The Clouds

A poem by Joseph Horatio Chant

A grand stairway do these clouds appear
As they heavenward rise, tier upon tier,
With clearly-marked space of blue between,
Compared with which human art looks mean.

Do the angels tread this grand staircase,
When they come to earth to bless our race,
And lend their aid to each struggling soul
As he ascends toward the heavenly goal?

Was this the ladder by Jacob seen,
That reached from heaven to the mattress green
On which he lay all the lonely night
Till God afforded the blessed sight,

And made him feel, tho' an exile here,
His father's God would be ever near--
The servant's cry would to heaven arise,
And blessings fall from the bending skies?

But no staircase do the angels need;
They come to earth at a greater speed,
Not step by step, nor on eagle's wing,
Nor beams of light do their message bring.

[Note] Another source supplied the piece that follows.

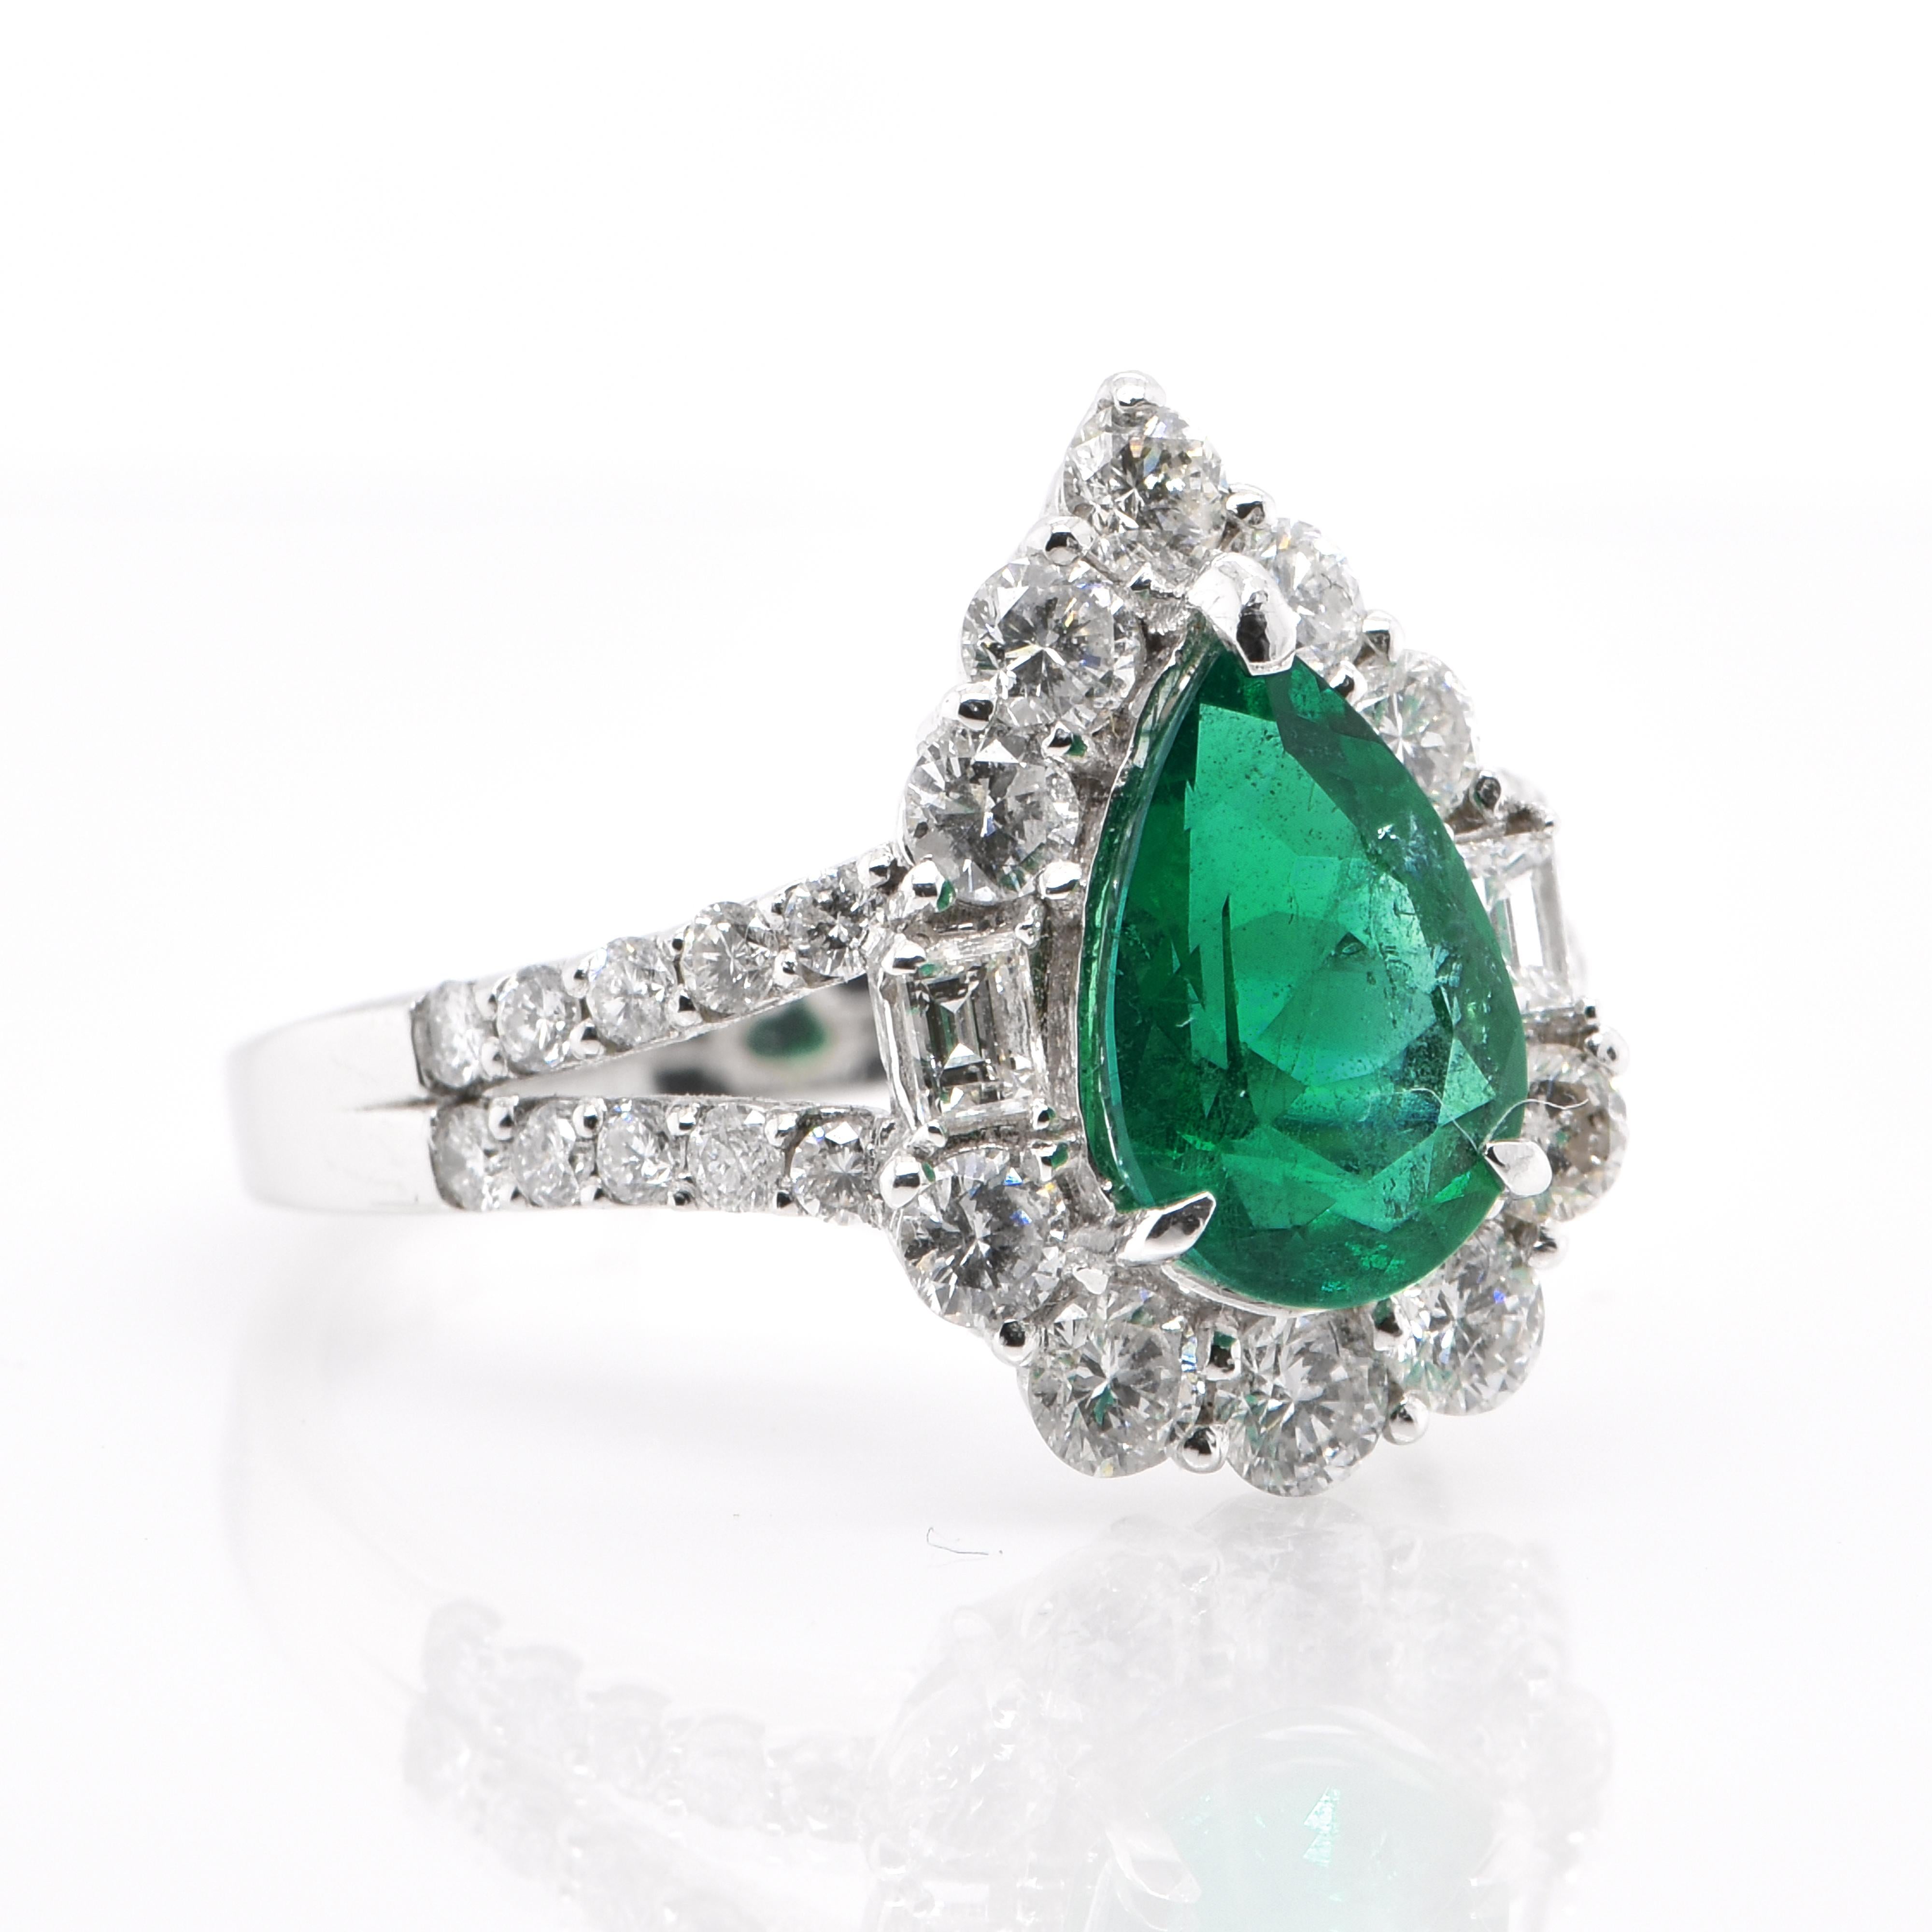 A beautiful Ring featuring a 1.64 Carat, Pear-Shape, Natural, Colombian Emerald and 1.20 Carats of Round Brilliant Diamond Accents set in Platinum. People have admired emerald’s green for thousands of years. Emeralds have always been associated with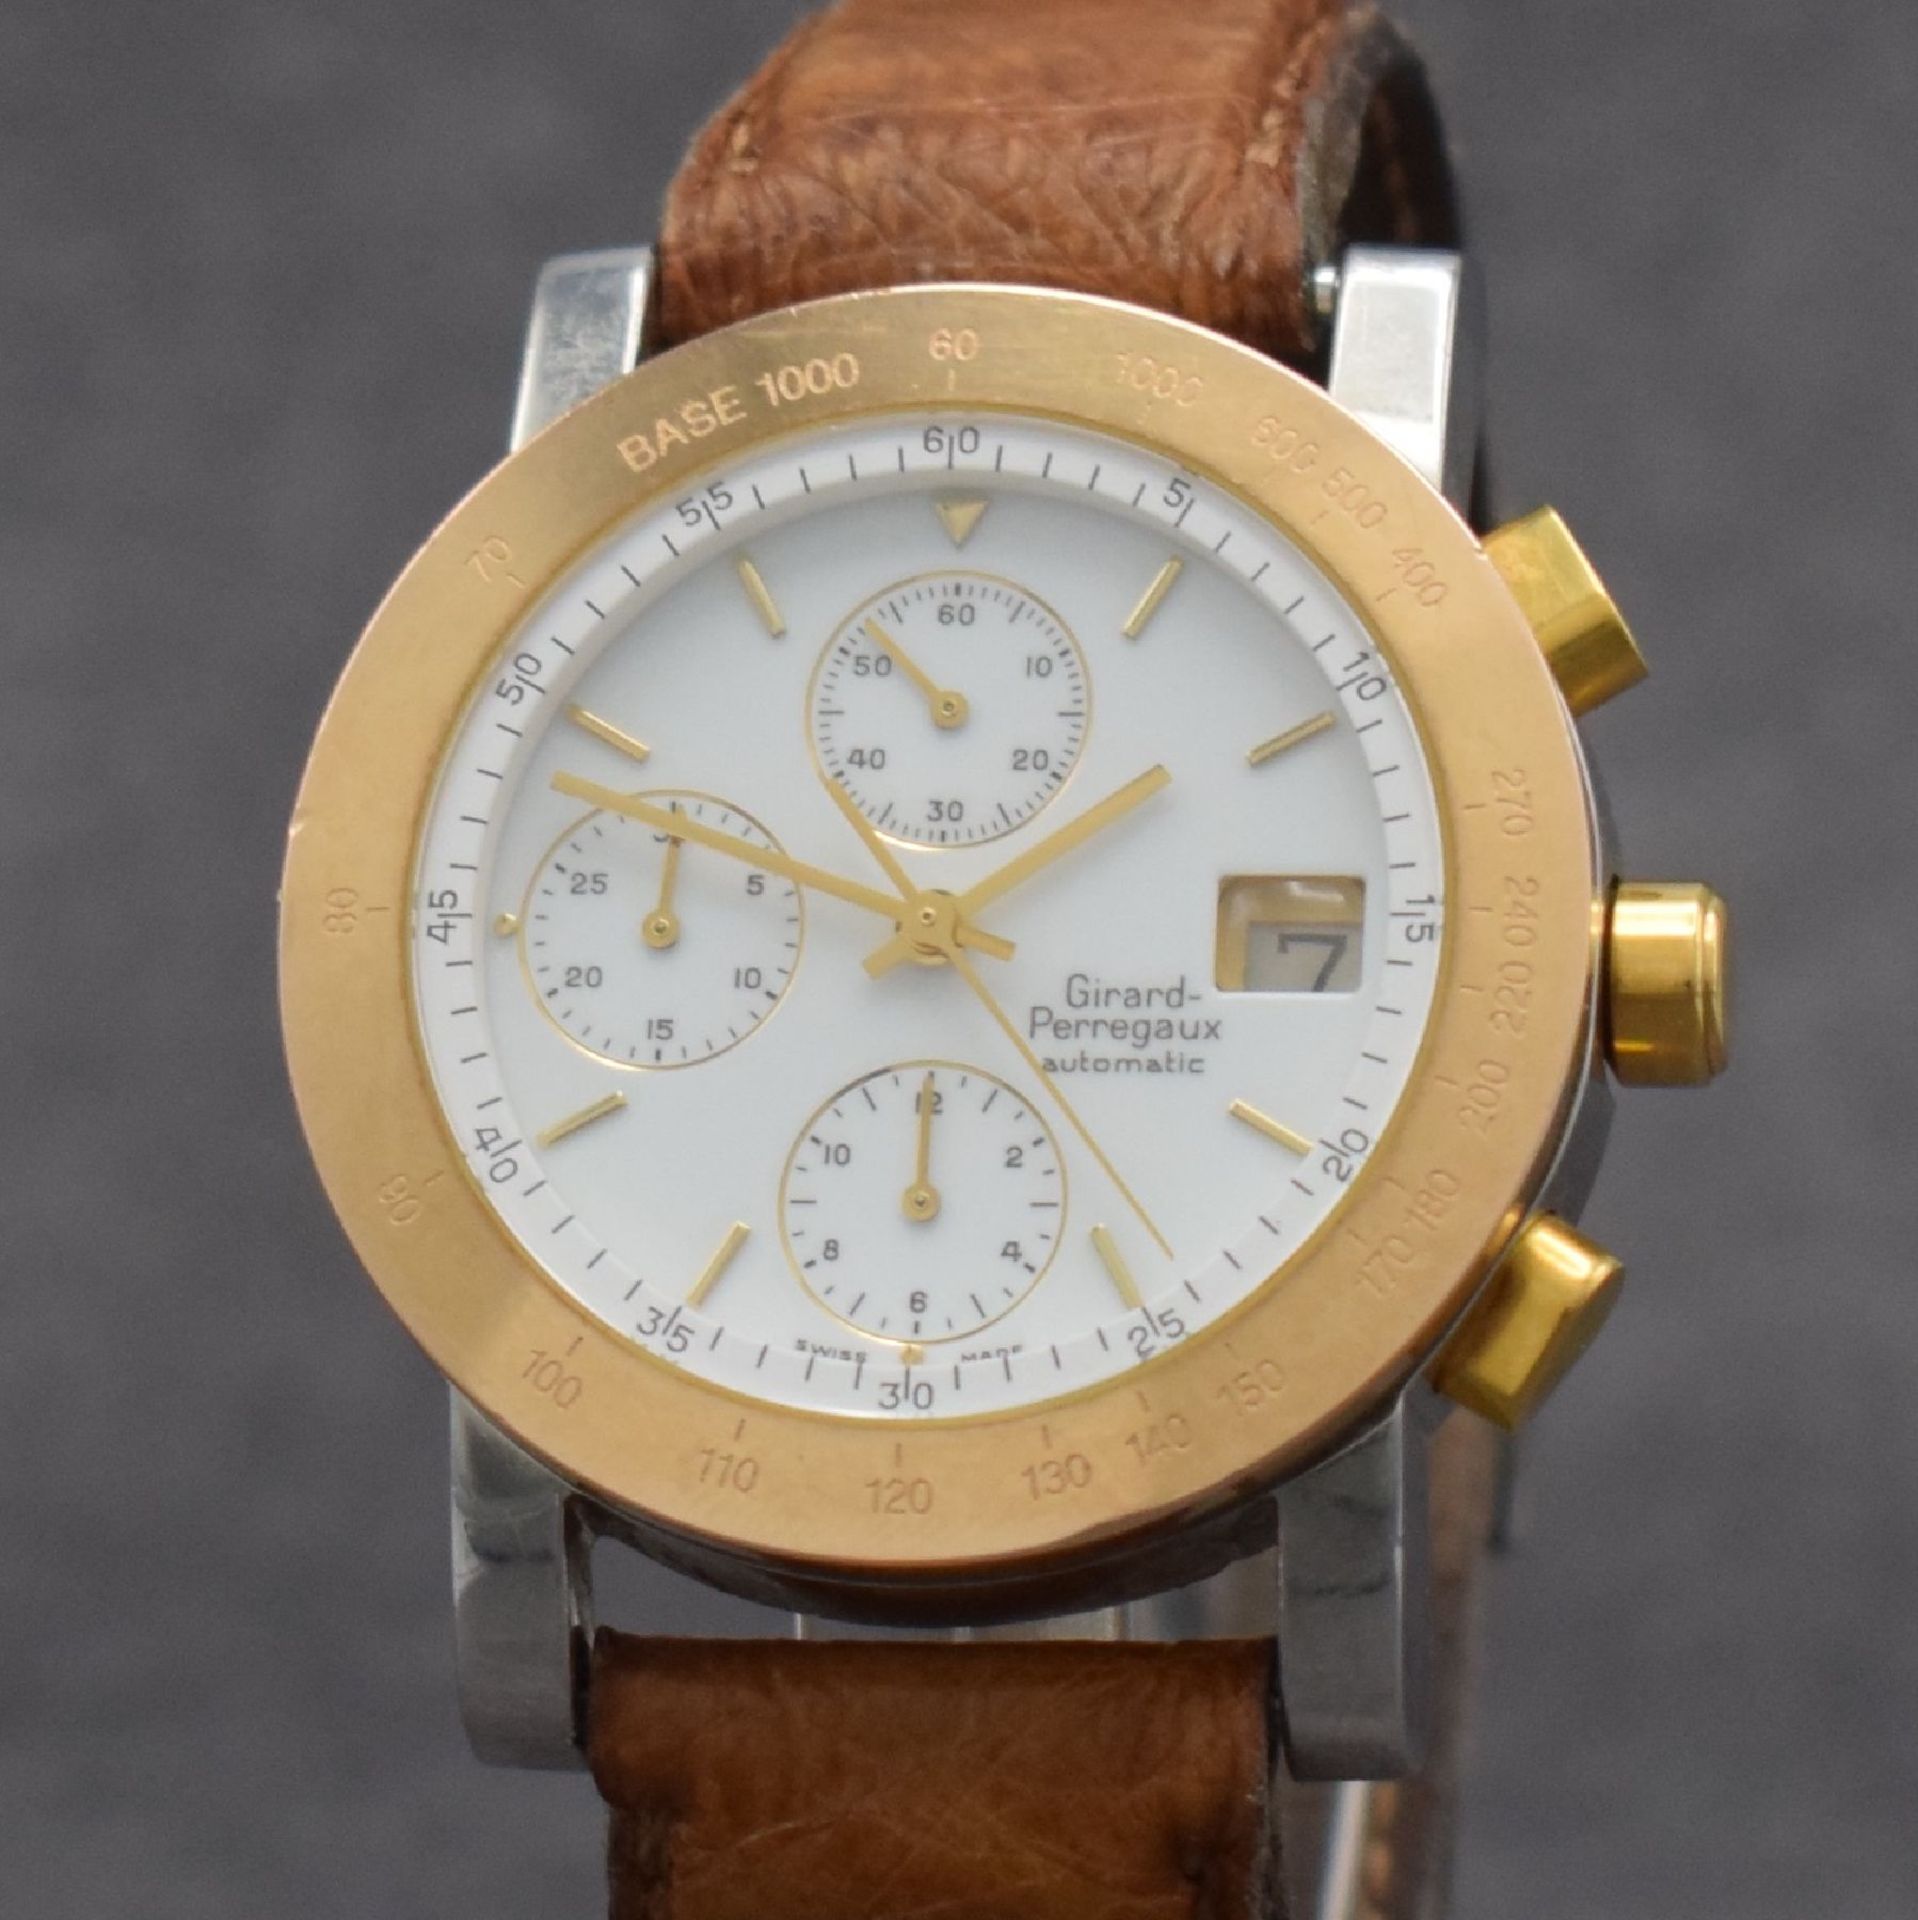 GIRARD PERREGAUX Herrenchronograph in Stahl un18k Rotgold, - Image 4 of 6

Though heaven be far beyond mortal ken,
Assisted by all the arts of men,
A moment's time and the space is passed,
And heaven's best gifts at our feet are cast.

Not a cloud stairway, nor ladder long,
Connects this earth with the land of song;
The Saviour bends from the opening skies--
He smiles in love, and our souls arise.

As flakes of steel to the magnet fly,
And mists ascend to the sun on high,
So we are drawn by the cords of love
From the earth below to thrones above.

O lift me up from my bed of clay,
To dwell with Thee in the realms of day.
If 'tis Thy will I should tarry still,
Prepare me, Lord, for Thy Holy Hill.